Im no expert, but the xB can only fot what a 17'?
i want to save up and put like some crazy 25's on it hahahahaa! :twisted: :twisted:

 

25's are not a practical size. the xB can fit a nice 18" or 19" rim. if can hold a 20", but that is not practical also.

 

personally I think anything over 18 inches is way to much rolling mass for this type of car....your really screwing up braking with those bigger rims

 

Please explain if you are for real. What is the difference, if any between a 215/45r17 and a 215/35r19. You stated above that anything over 18" has too much rolling mass. Doesn't rolling mass have to do with overall height and weight? Don't wafflle and disappear from this forum and pretend you don't follow up on your own posts'. Thank you for your reply!! Dubbox

 

Rolling mass deals with anything pertaining to the wheels tires and breaks....as you go to a larger rim it which tends to be heavier it takes alot more breaking power to stop the automobile that is using that large rim....and also accelerating it takes power to get your car rolling which this car doesnt have to get adequate acceleration off the line....so thats why talking to someone that deals with large rims they will always recommend upgrading to large rotors to counteract the crappier breaking distance

 

1. spelling

breaks=brakes
it which=it
breaking=braking

2. salespeople

if you are buying big rims, an easy add on sale would be big brakes especially, if the person being sold is ignorant.

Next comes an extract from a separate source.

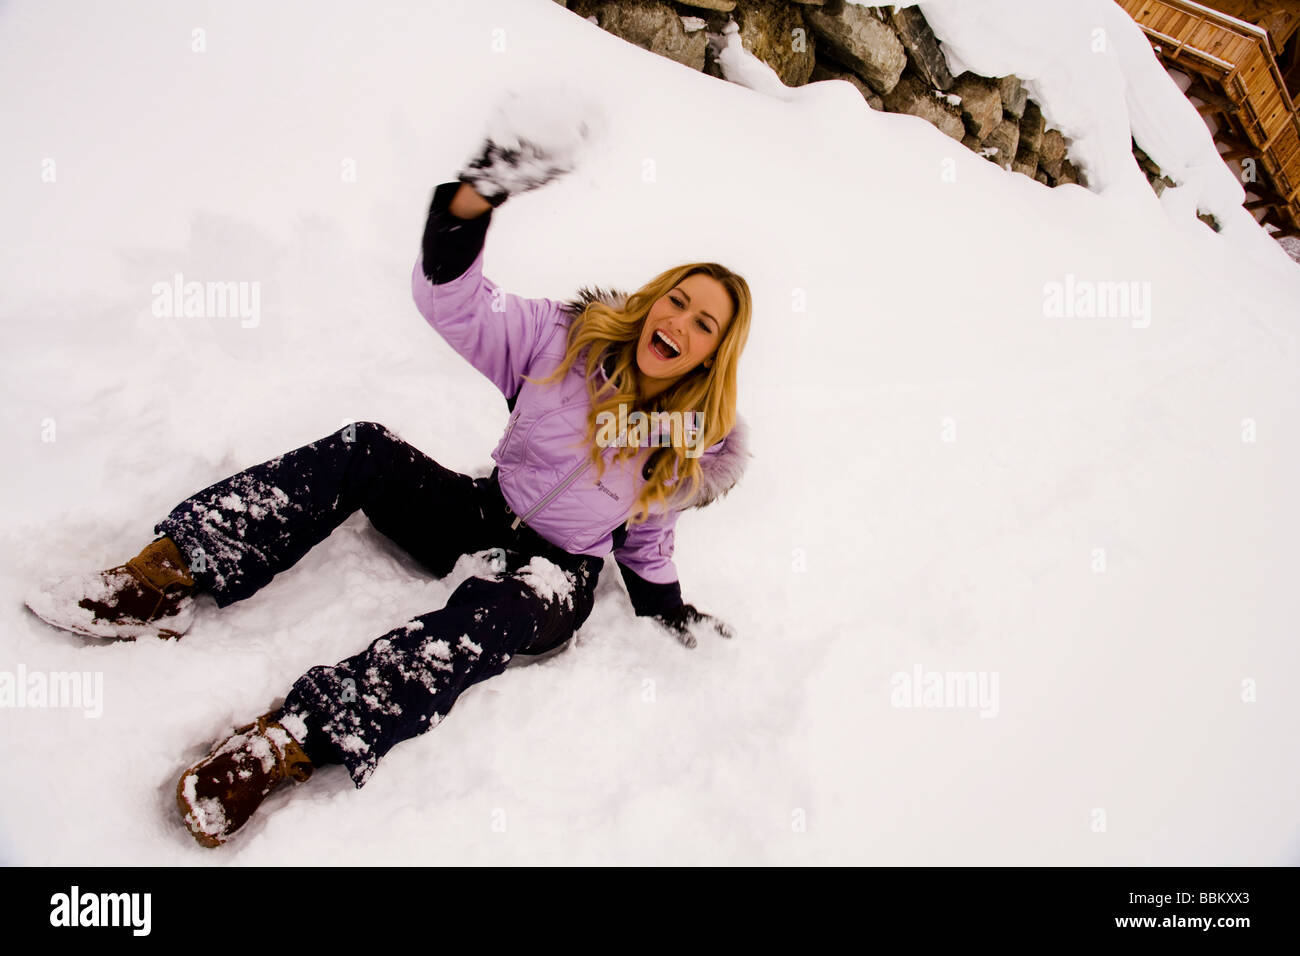 Eine junge, blonde Frau sitzt in den Schnee und wirft Schneebälle, die eine schöne Zeit. Stockfoto

They do fill the wheels better, but mainly makes the salesperson more money.

3. engineering

rolling mass is something important on BMX bikes and motorcycles where the wheel weight represents a significant part of the overall vehicle weight. Not a negligible factor on a 100hp 2400lb vehicle. Also take into consideration stock steel wheels weigh more than larger aftermarket alloys

4. proof

something you did not provide to back up your opinions.

I decided to refresh my Physics and came up with the following conclusion: from the point of view of acceleration, an increase of X in wheel or tire weight is no worse than an increase of 2X in passenger weight. Not 6x, not 8x, just 2x worst case. This is why.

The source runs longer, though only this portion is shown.